What is the principle of hybrid factors? #12

Closed zen-star closed 1 year ago

zen-star commented 1 year ago

I'm confused about the hybrid factors.

Given a base window shape [12, 12, 32], a hybrid one is [24, 24, 32] with the hybrid factor [2, 2, 1]. [12, 12, 32] is for non-shifting, while [24, 24, 32] is for shifting with shifts [6, 6, 0]. It seems that the only difference between non-hybrid (swin/sst-like) and hybrid version is the window shape when shifting.

In paper, hybrid window partition is for better efficiency, but I don't find the detailed explanation. Is efficiency related to the redundant padding voxel tokens, which are fewer with a larger window shape? And why not try both large windows, e.g., window1=(24,24) & window2=(24,24) in Table 5?

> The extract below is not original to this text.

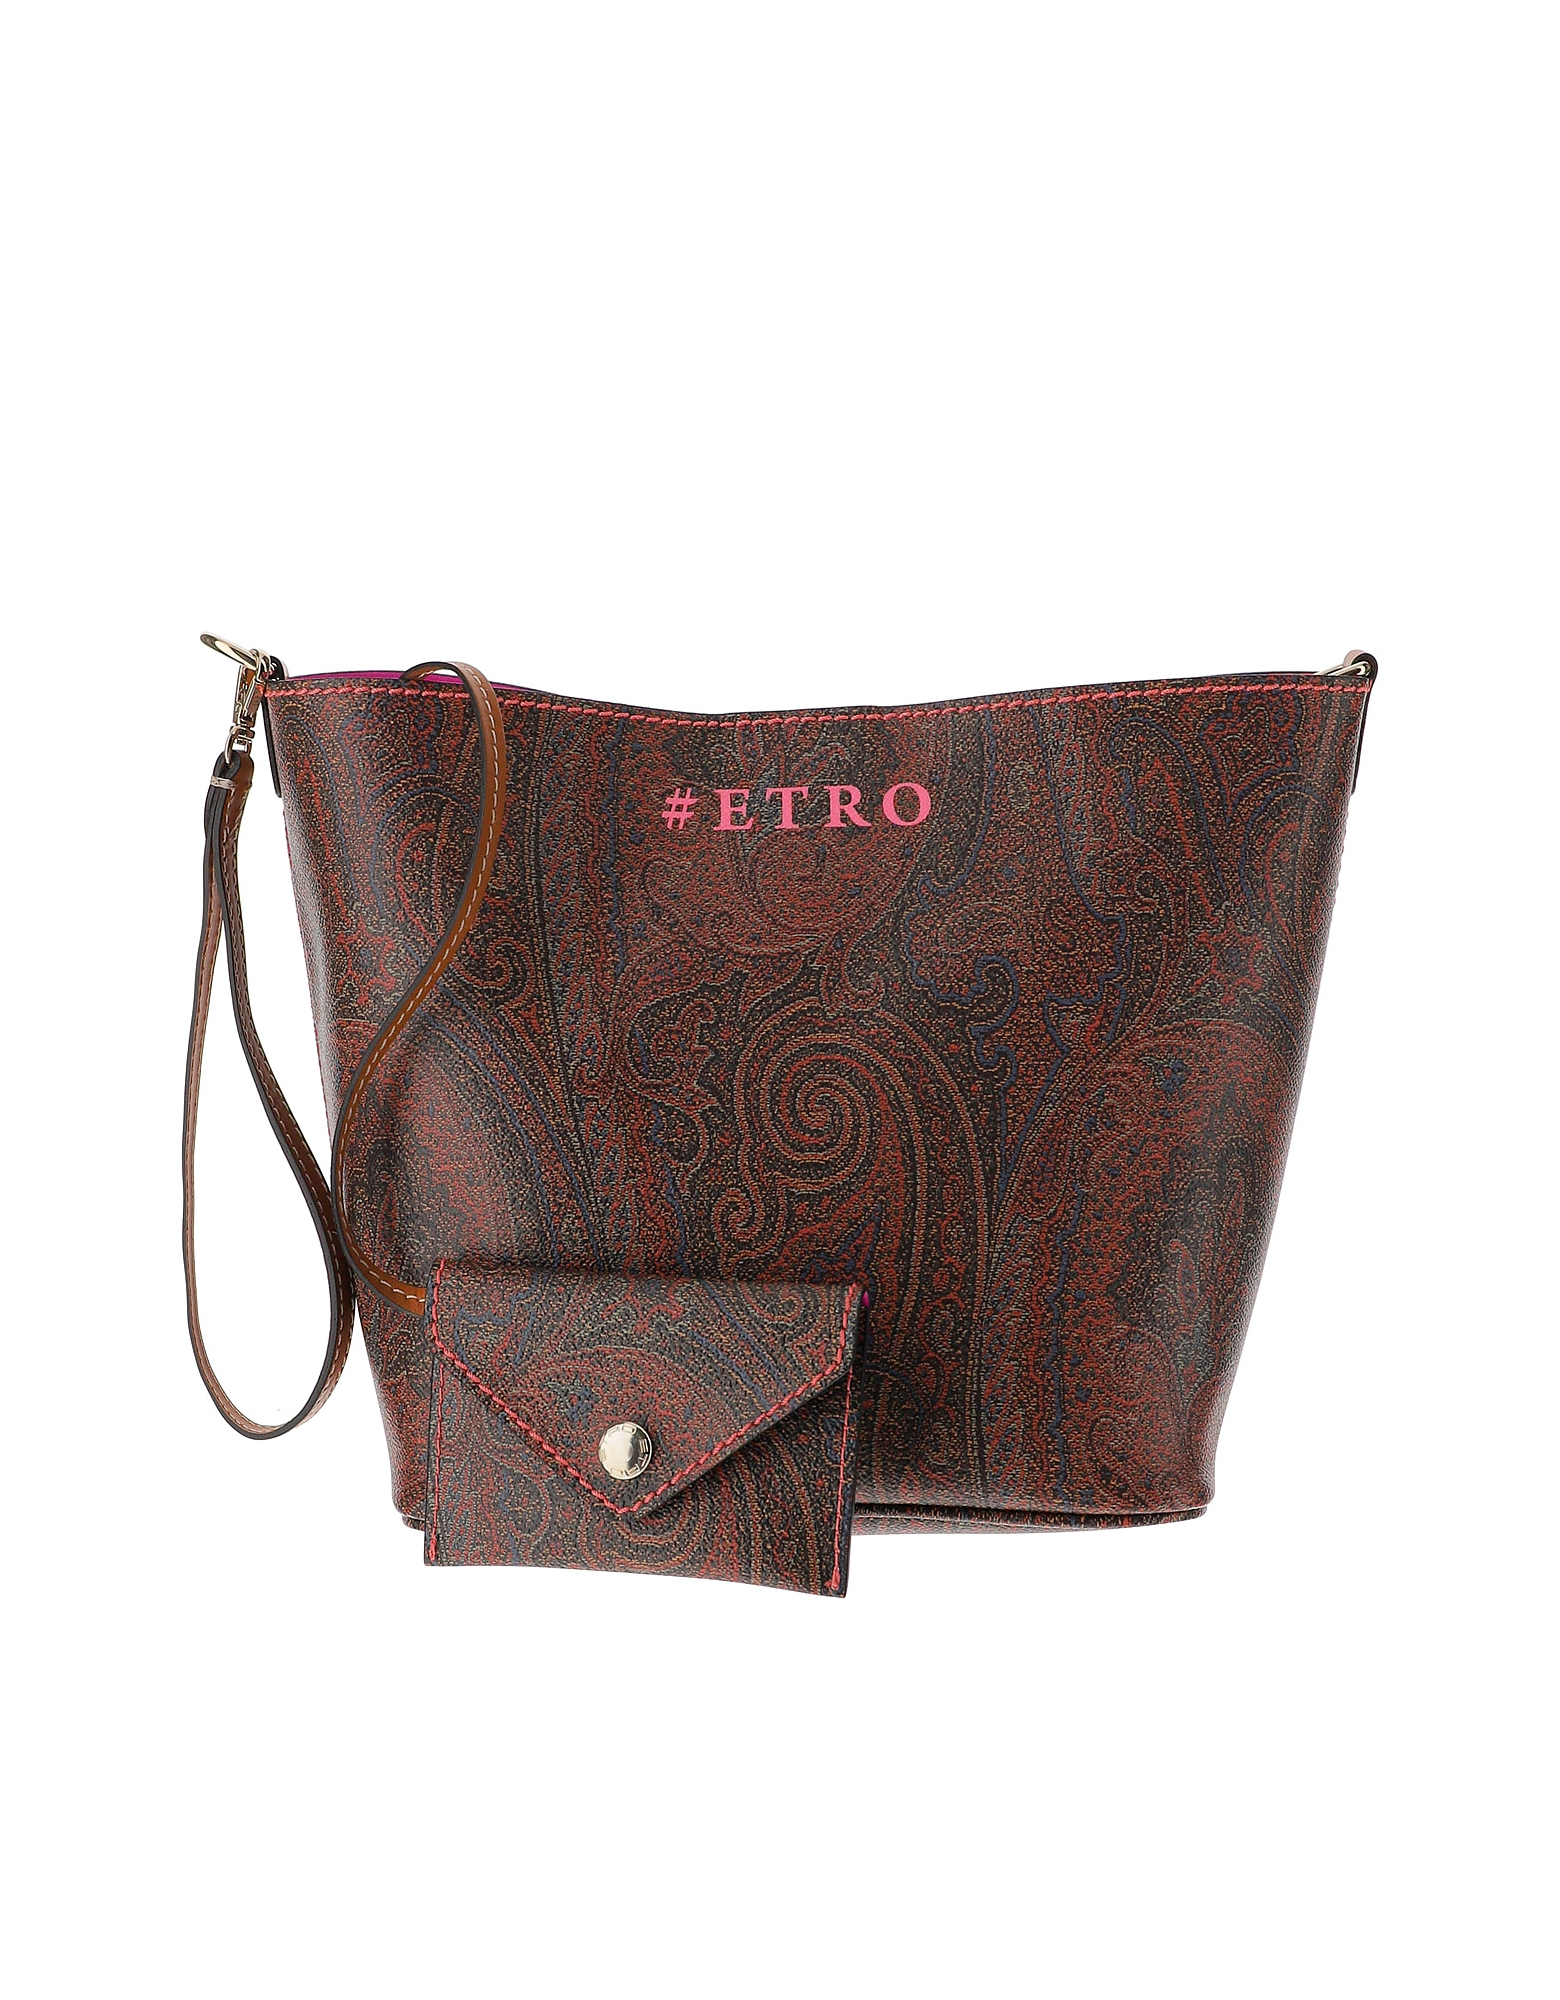 Etro Designer Handbags, Paisley Print Coated Canvas Shoulder Bag

Look forward to your reply.^^

Haiyang-W commented 1 year ago

Thanks for your interesting!

You are right. The difference is only the window shape, which aims to reduce the padding cost and deliver good performance-efficiency trade-off (see table 5). However, we observe that attention is efficient actually, thus slight padding doesn’t significantly slow down the inference. Frequent function calls to attention will increase the latency due to additional overheads, (e.g., memory access). Actually, non-hybrid variant is also not bad.
"Increasing the window sizes will reduce the number of sets and lead to the drop of self-attention’s computation cost, but also destroy the detection performance for small objects." Larger window shape will drop the performance, and won't give you much of a boost in speed (see Table 7).

Best Regards, Haiyang

zen-star commented 1 year ago

Thanks for your quick and clear response! And one more question. Have you tried other types of position encoding except for the FC-BN-RELU-FC in code?

Haiyang-W commented 1 year ago

We have not tried other positional encoding. The current approach does create some redundancy in the computation, which can be optimized ( hope 5ms -> 0ms in inference). However, in my shallow opinion, pos embedding may not be very important for point clouds that contain rich location information.

zen-star commented 1 year ago

I like your work very much! Hope the code for nuscenes and even indoor datasets (e.g., sun rgbd) can be soon released!

Haiyang-W commented 1 year ago

Thanks for your interest! We are working on the code of nuScenes and trying our best to release the code as soon as possible. :)

Best, Haiyang